If you’d like to watch the video version of this article, just click/tap the thumbnail above!

As we kick this article off, keep in mind that there’s nothing wrong with the very traditional MonkeyFeet exercises that most individuals are doing. The very standard exercises such as knee extensions, standing hip flexion, standing hamstring curls, glute kickbacks, etc., are all fantastic exercises that you should not be skipping out on.

I simply thought it’d be valuable to you, the reader, to have some other exceptionally awesome (albeit less common) exercises for your hips and legs that you could perhaps incorporate into your standard MonkeyFeet arsenal of exercises.

As you go through this article, keep in mind that you may have to tweak or modify any of the exercises to make them more effective or ideal for you. Don’t be afraid to experiment with movement as needed. Listen to your body!

In other words: there’s no one, single universal way that an exercise must be performed; small, individual changes to movement and range of motion are often required for individuals based on their body’s overall fitness and abilities.

Also, if you want some more unconventional (and very challenging) MonkeyFeet Exercises to try, check out my other article below (which also has a YouTube video to walk you through each exercise!)

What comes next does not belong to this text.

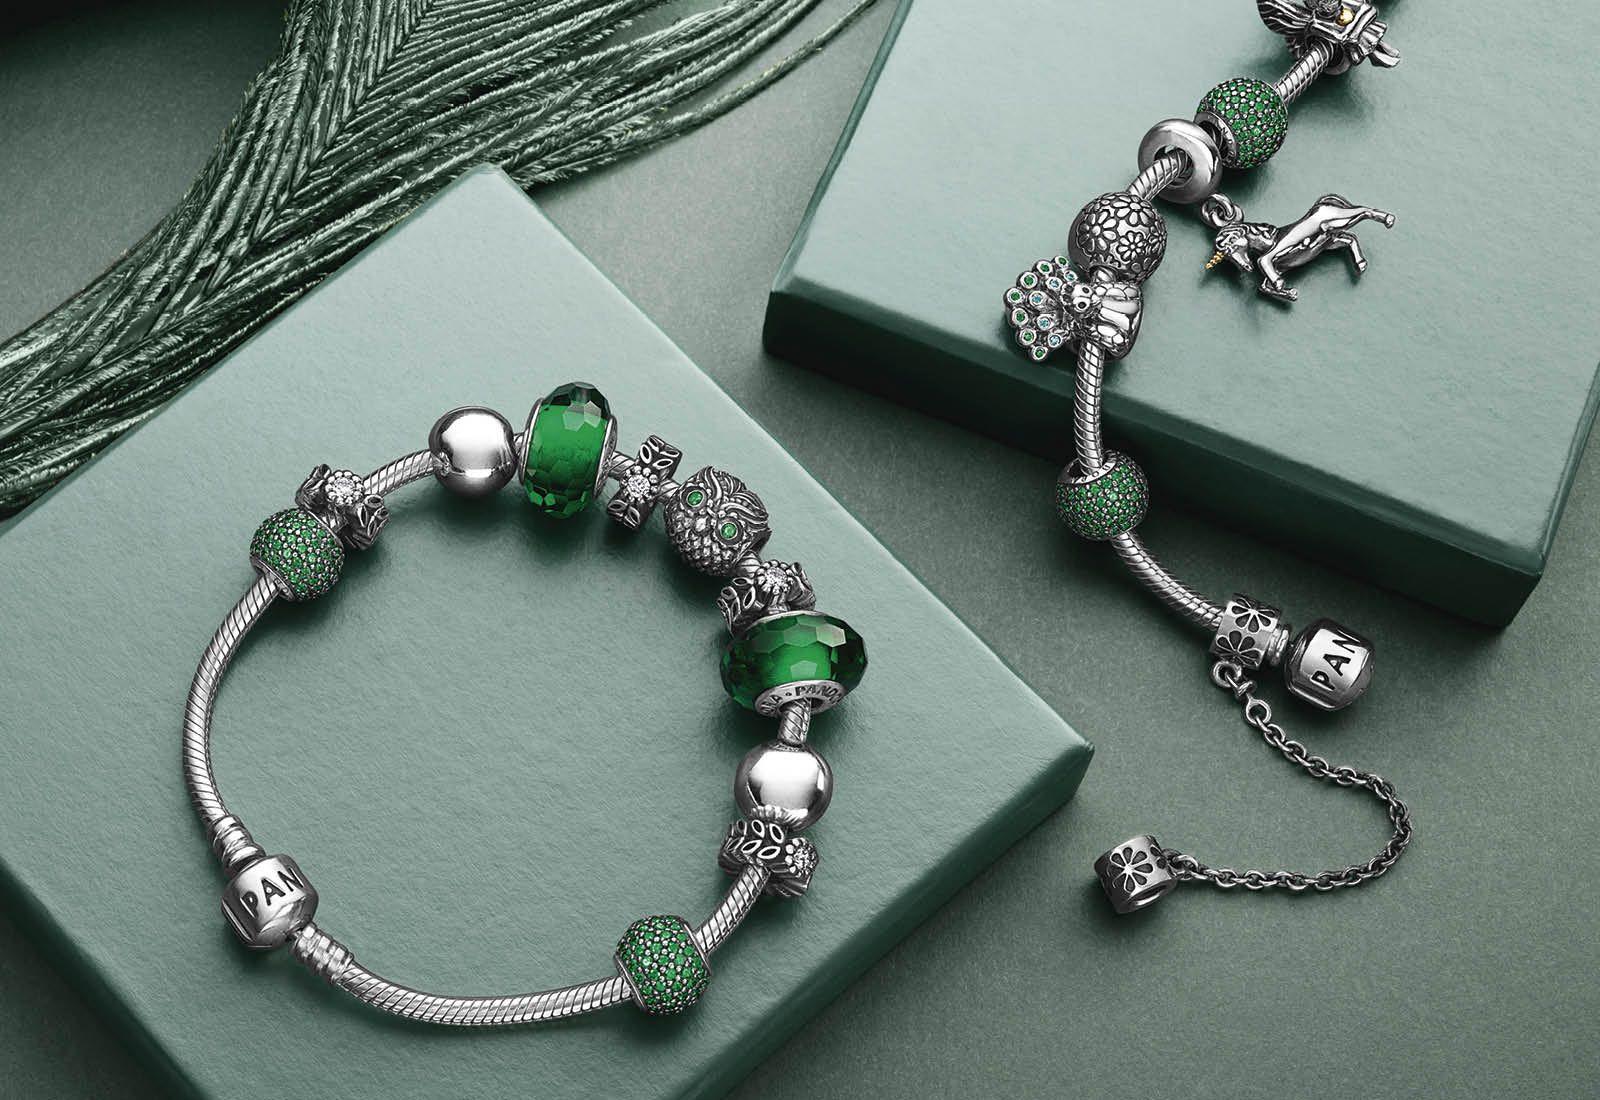 Pandora Decouvrez Le Nouveau Guide De Style Automne Bijoux Tendance Bracelet Pandora Charms Bijoux

Exercise 1: Prone internal & external rotations

What I absolutely love about this exercise is that it is a great way to stretch and mobilize the hip in addition to strengthening it. You can use a moderately heavy weight for this one, especially if you’re more interested in the stretching component.

To perform the prone internal & external rotations:

  1. Lay on your stomach and ensure that your lower back is flat. Do NOT arch your lower back at any point throughout this movement, as it will reduce the strengthening component to the glute medius and glute minimus muscles for one phase of the movement.
  2. Keep your knee bent to 90 degrees and let your leg slowly fall to the outside (causing your thigh to rotate inwards/internally).
  3. Go as far as you can WITHOUT letting your lower back twist or rotate at all.
  4. Pull your leg back up, and then SLOWLY let it drop inwards (causing the thigh to rotate outwards/externally).
  5. Come back to the top and repeat for desired repetitions.

Exercise 2: Supine cross-body leg drops

There’s probably a more succinct or creative name out there for this exercise, but I don’t know what it would be. When done as part of a dynamic warmup, it’s often referred to as an Eagle. However, I’ve modified it somewhat when doing this movement with a weighted MonkeyFeet since it tends to be more spine-friendly that way.

You will want to use a very light weight for this exercise (I use 5 pounds)!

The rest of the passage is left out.